Lower down are entries containing pictures. Copy exactly, without those pictures, the lines from the line with "Style Knockout Pink Oxford Shirt" through the line with "Gresford Community Library (Gdcl)".

Input records ▸

++++

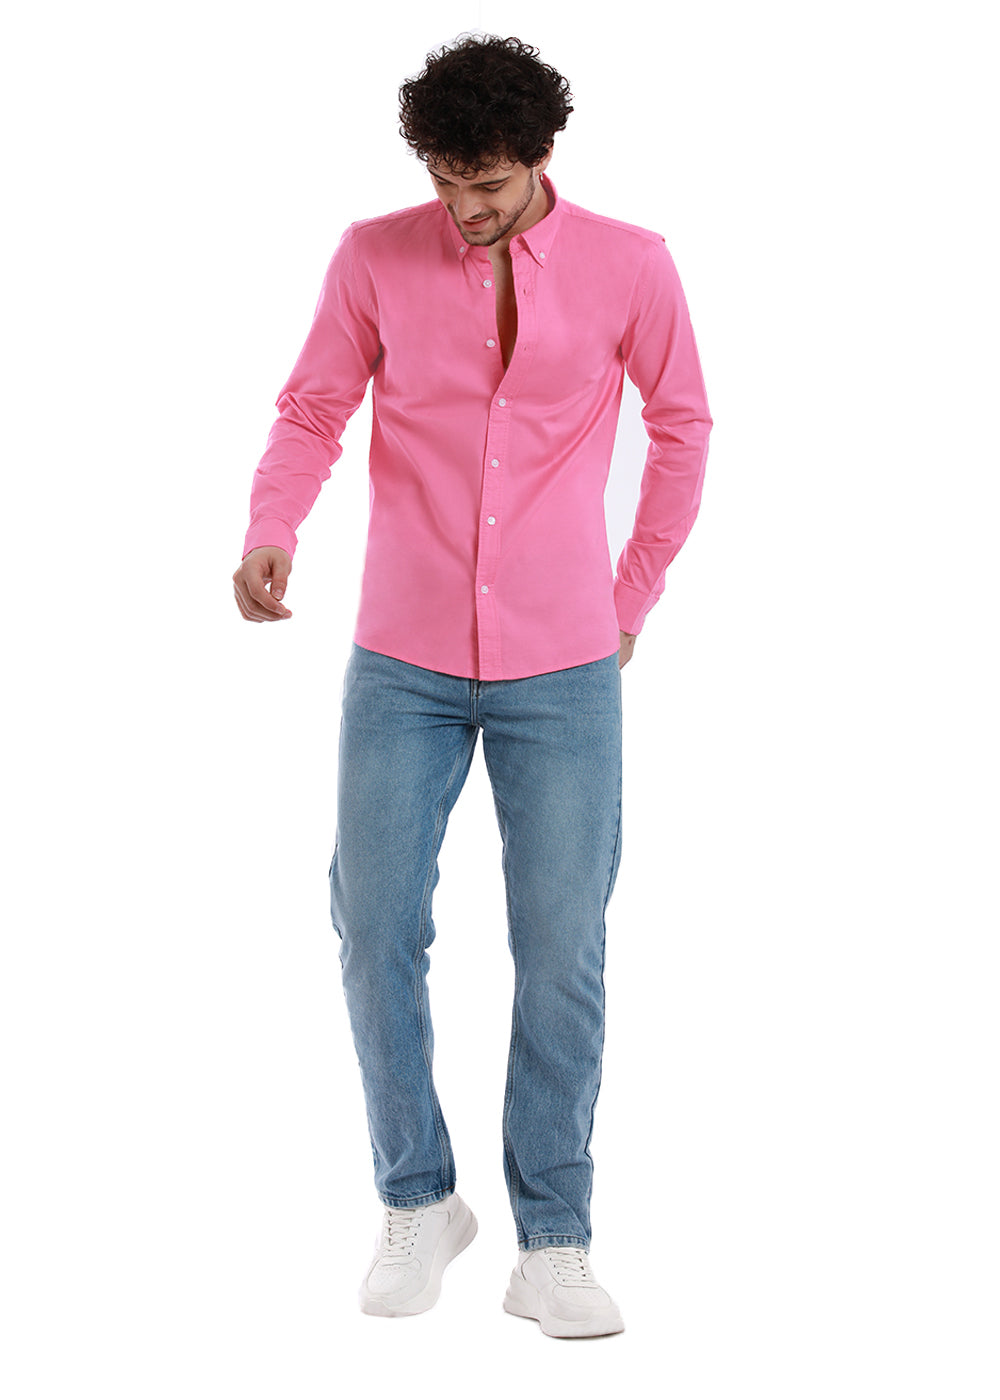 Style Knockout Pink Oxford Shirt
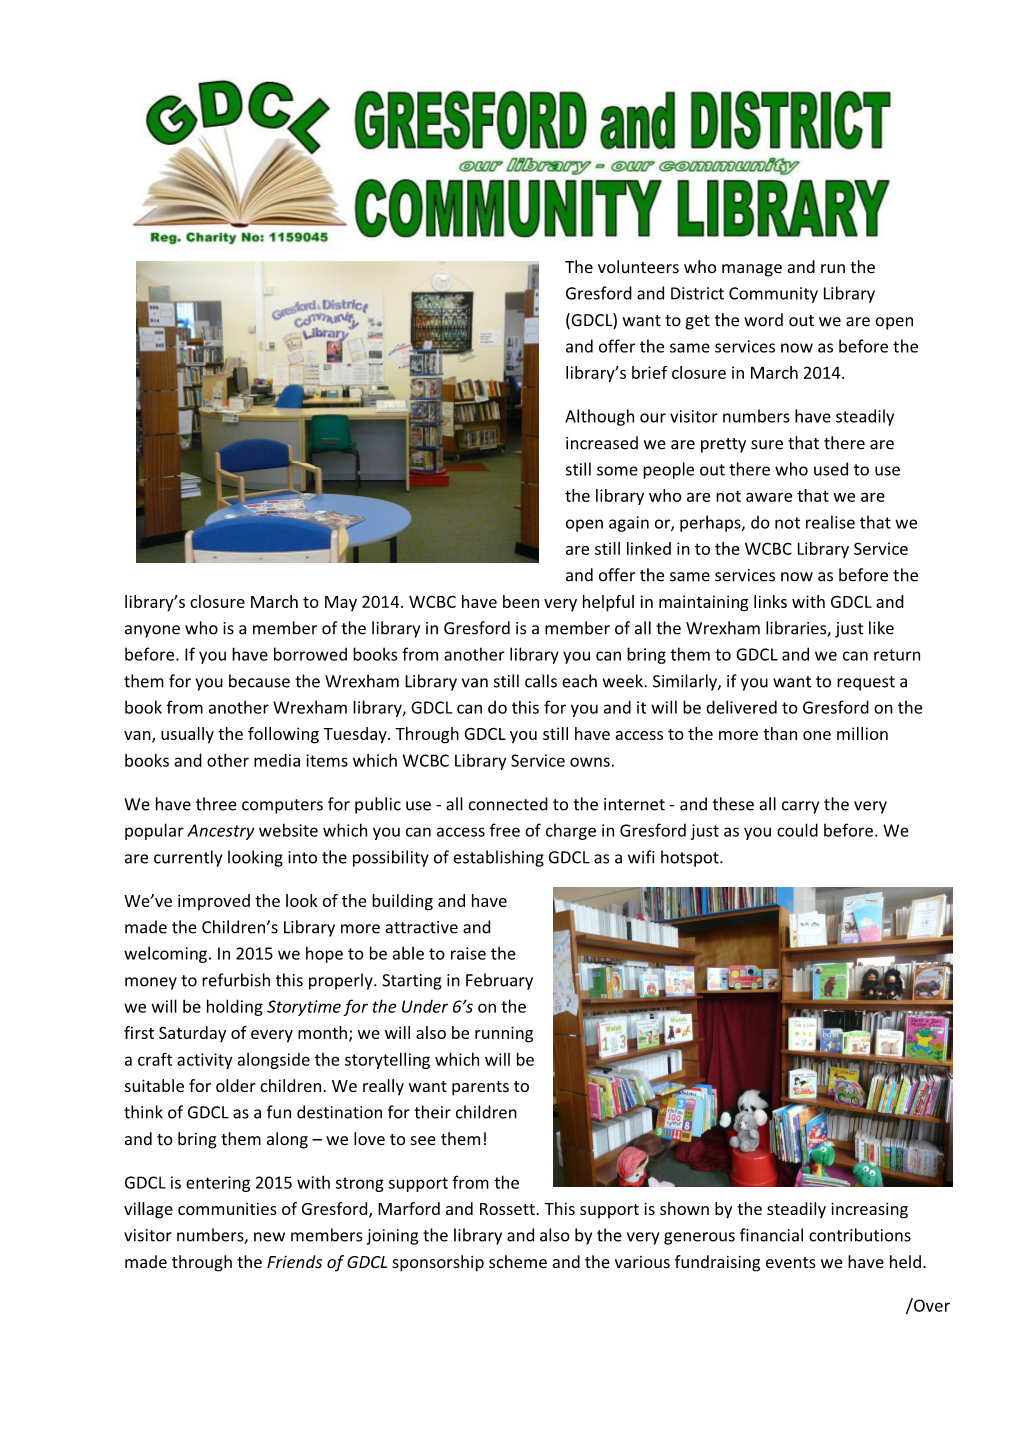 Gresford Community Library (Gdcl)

++++

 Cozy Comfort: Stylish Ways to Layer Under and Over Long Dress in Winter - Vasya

++++

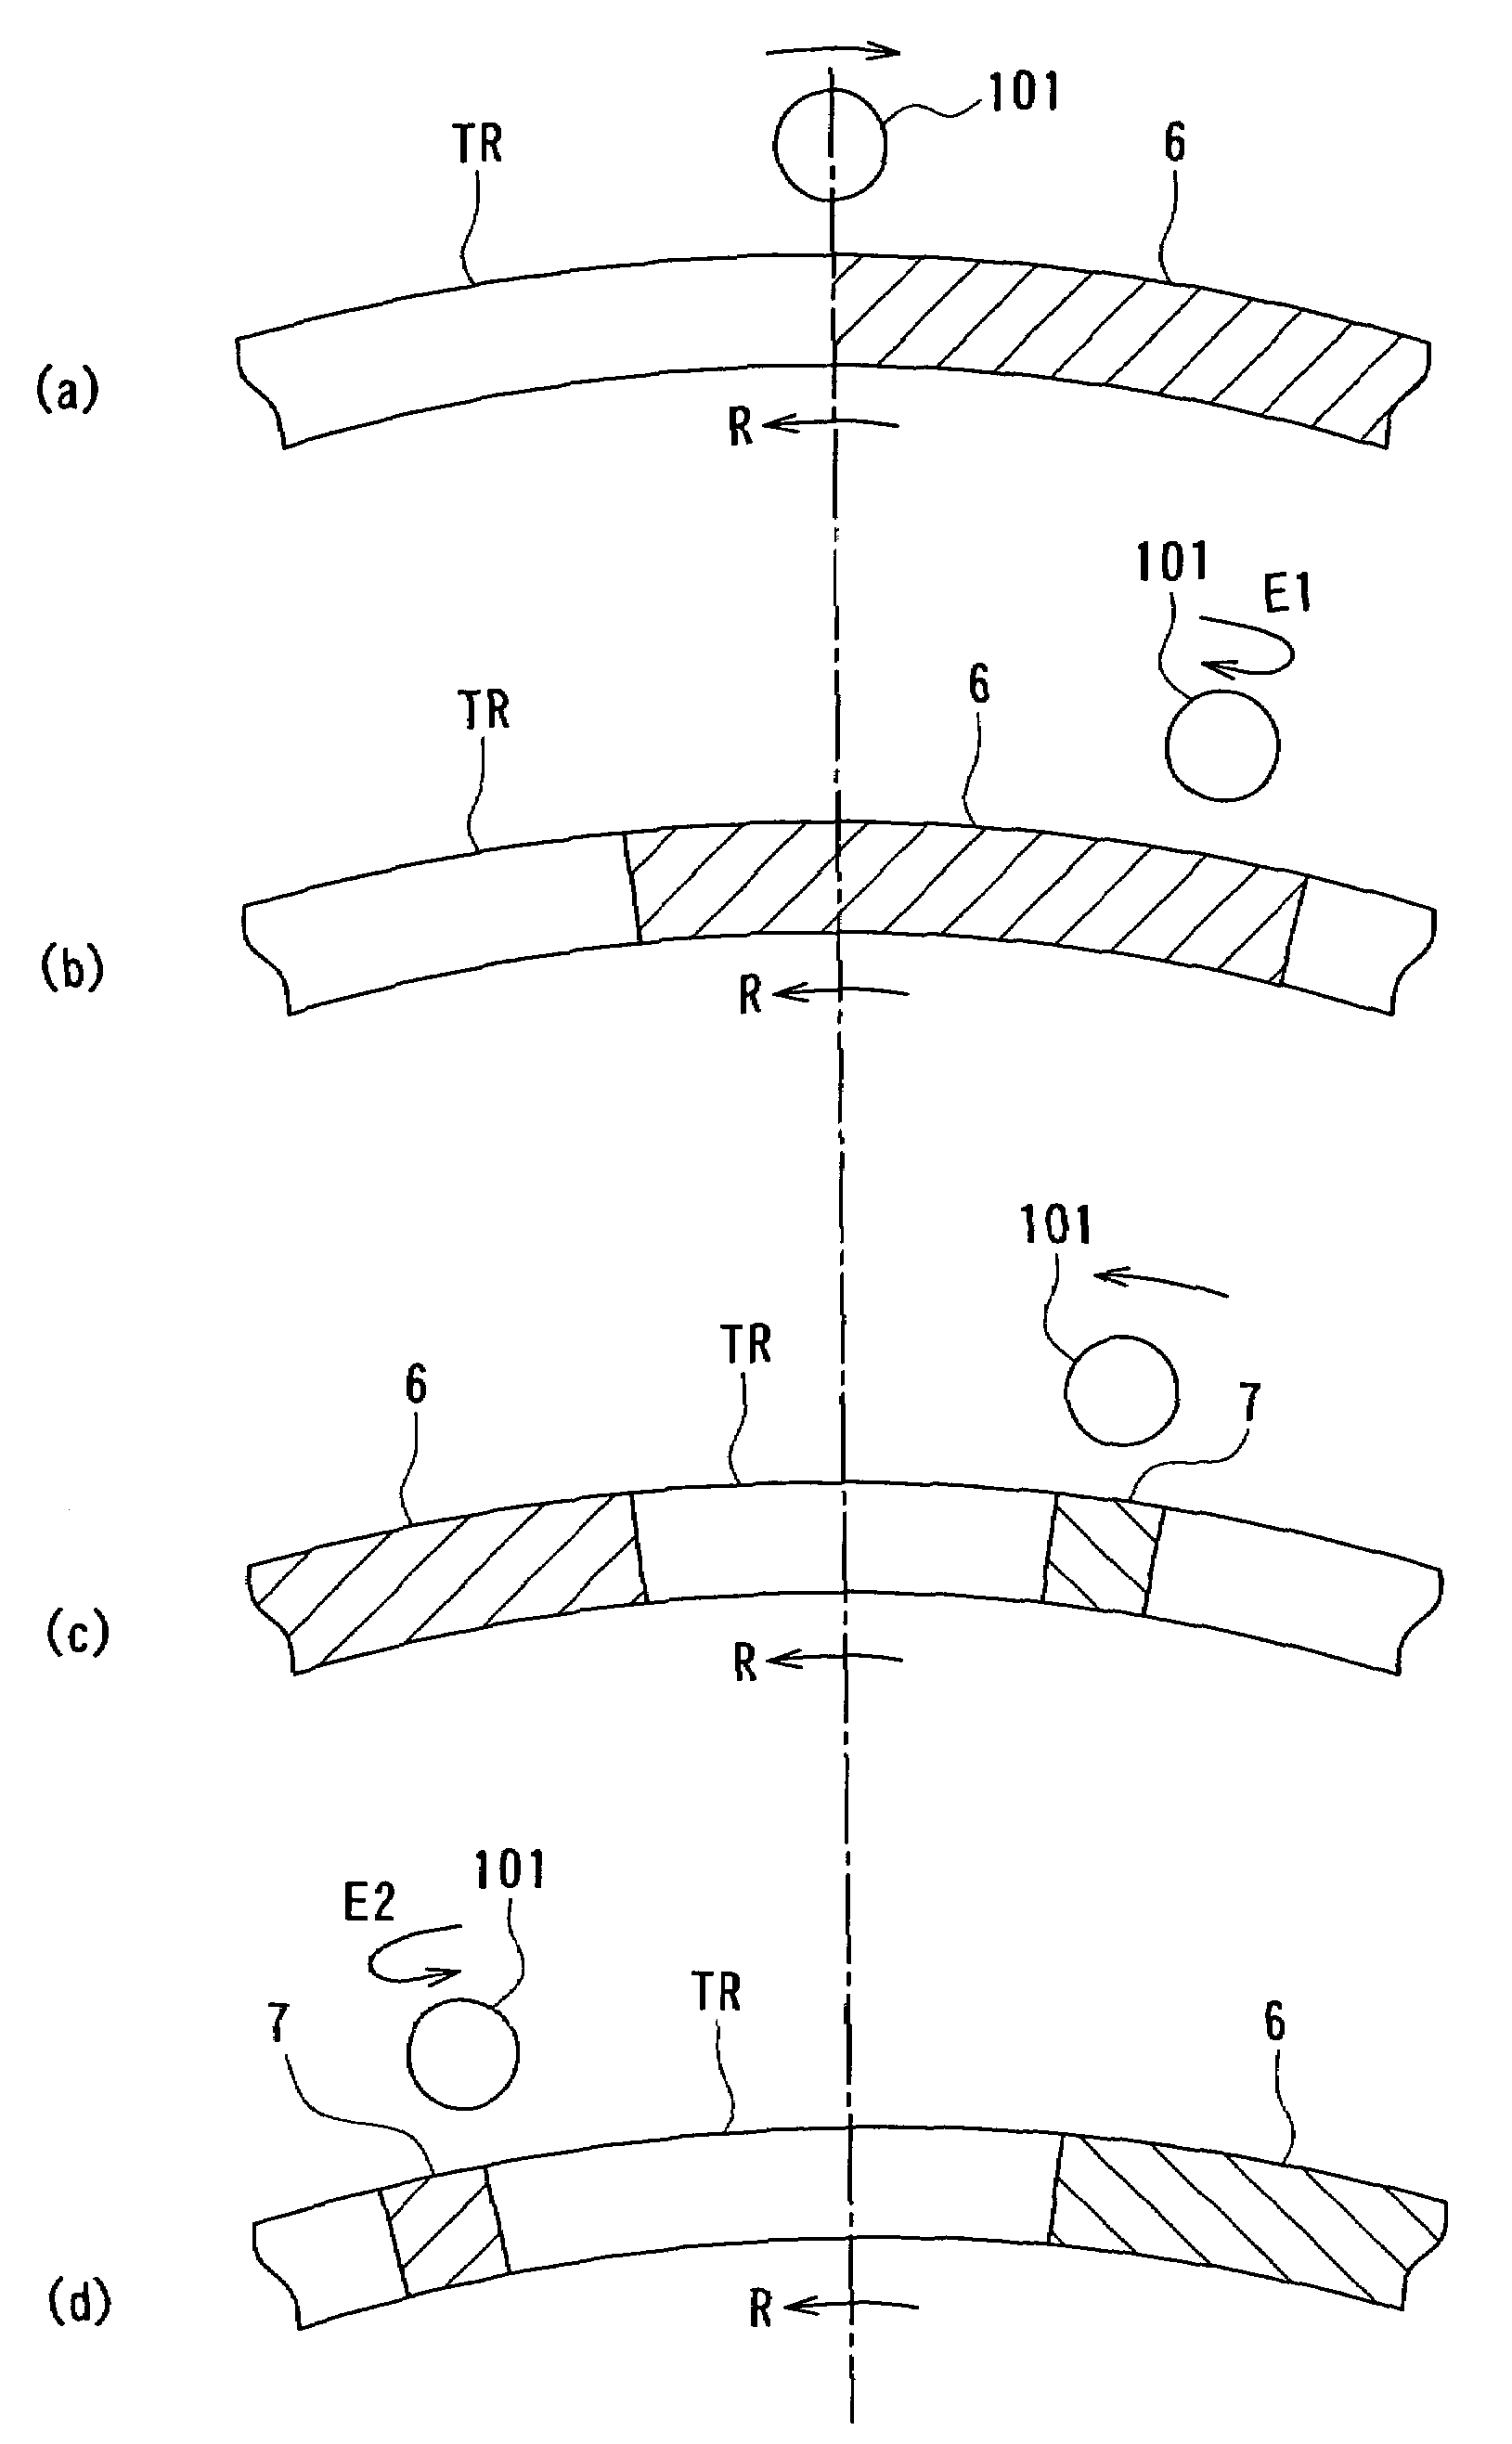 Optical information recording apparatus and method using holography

++++

Exercise result ▸
 Style Knockout Pink Oxford Shirt
 Gresford Community Library (Gdcl)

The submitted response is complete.